| Carrasco v Mendez |
| 2004 NY Slip Op 02335 [5 AD3d 716] |
| March 29, 2004 |
| Appellate Division, Second Department |
| Published by New York State Law Reporting Bureau pursuant to Judiciary Law § 431. |
| Miguel Carrasco, Appellant, v Aurora Mendez, Respondent. |
—In an action, inter alia, to recover damages for personal injuries, the plaintiff appeals from an order of the Supreme Court, Queens County (Kitzes, J.), dated January 24, 2003, which granted the defendant's motion for summary judgment dismissing the complaint on the ground that the plaintiff did not sustain a serious injury within the meaning of Insurance Law § 5102 (d).
Ordered that the order is affirmed, with costs.
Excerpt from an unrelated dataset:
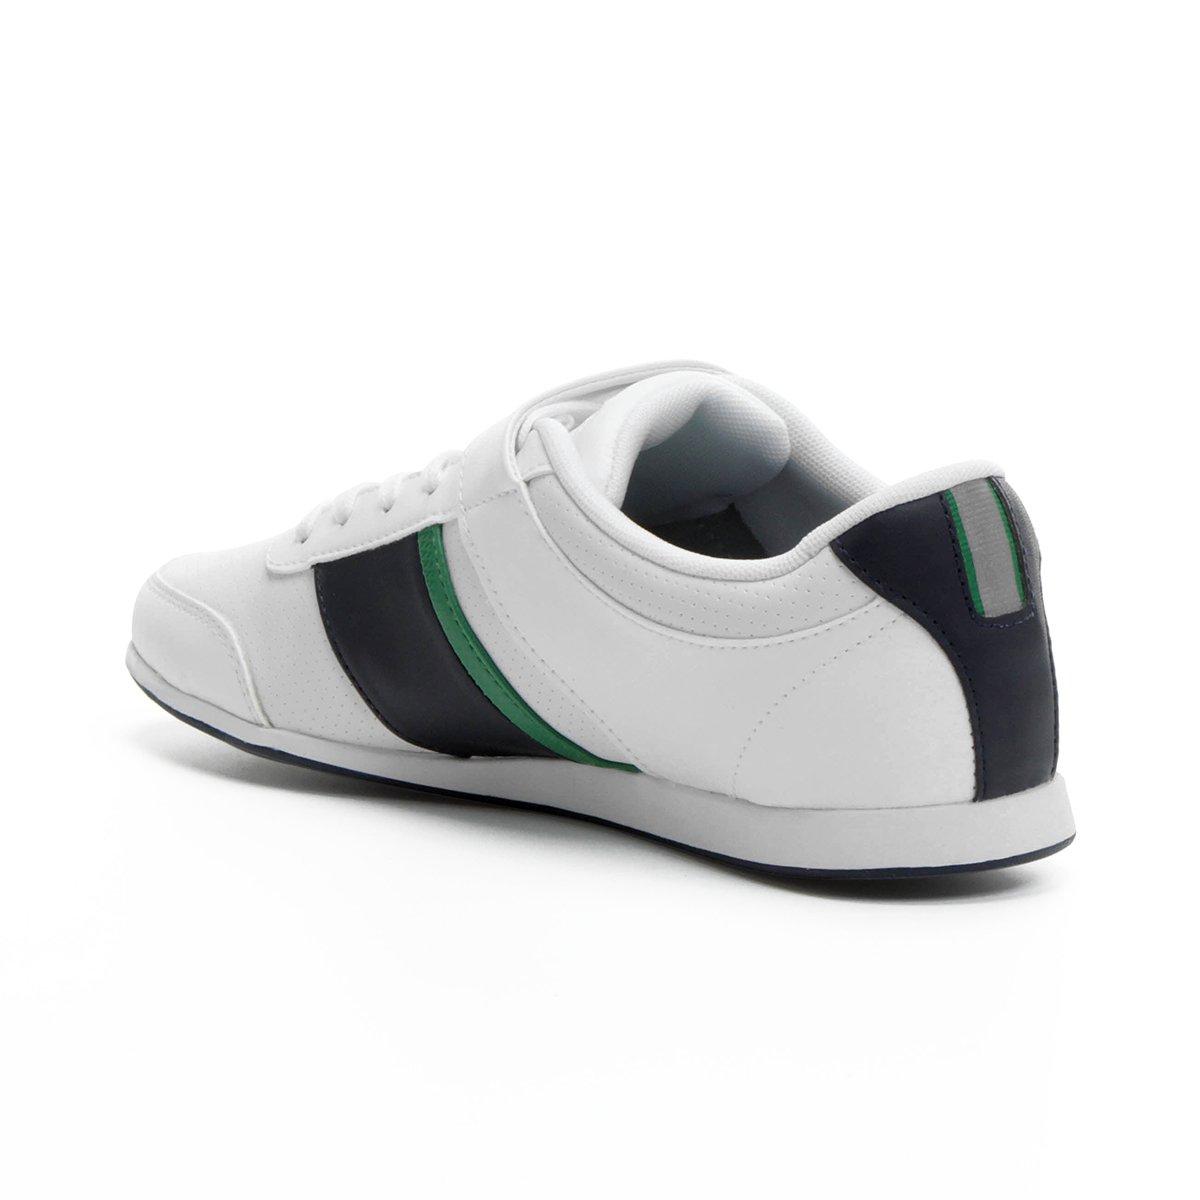 3c920ad880279 Tênis Lacoste Embrun Scy - Compre Agora   Netshoes

The defendant made a prima facie showing that the plaintiff did not sustain a serious injury within the meaning of Insurance Law § 5102 (d) as a result of the subject motor vehicle accident (see Toure v Avis Rent A Car Sys., 98 NY2d 345 [2002]; Gaddy v Eyler, 79 NY2d 955 [1992]). The affirmation of the plaintiff's physician submitted in opposition to the defendant's motion was insufficient to raise a triable issue of fact.
Accordingly, the defendant was entitled to summary judgment dismissing the complaint. Santucci, J.P., Smith, Luciano and Adams, JJ., concur.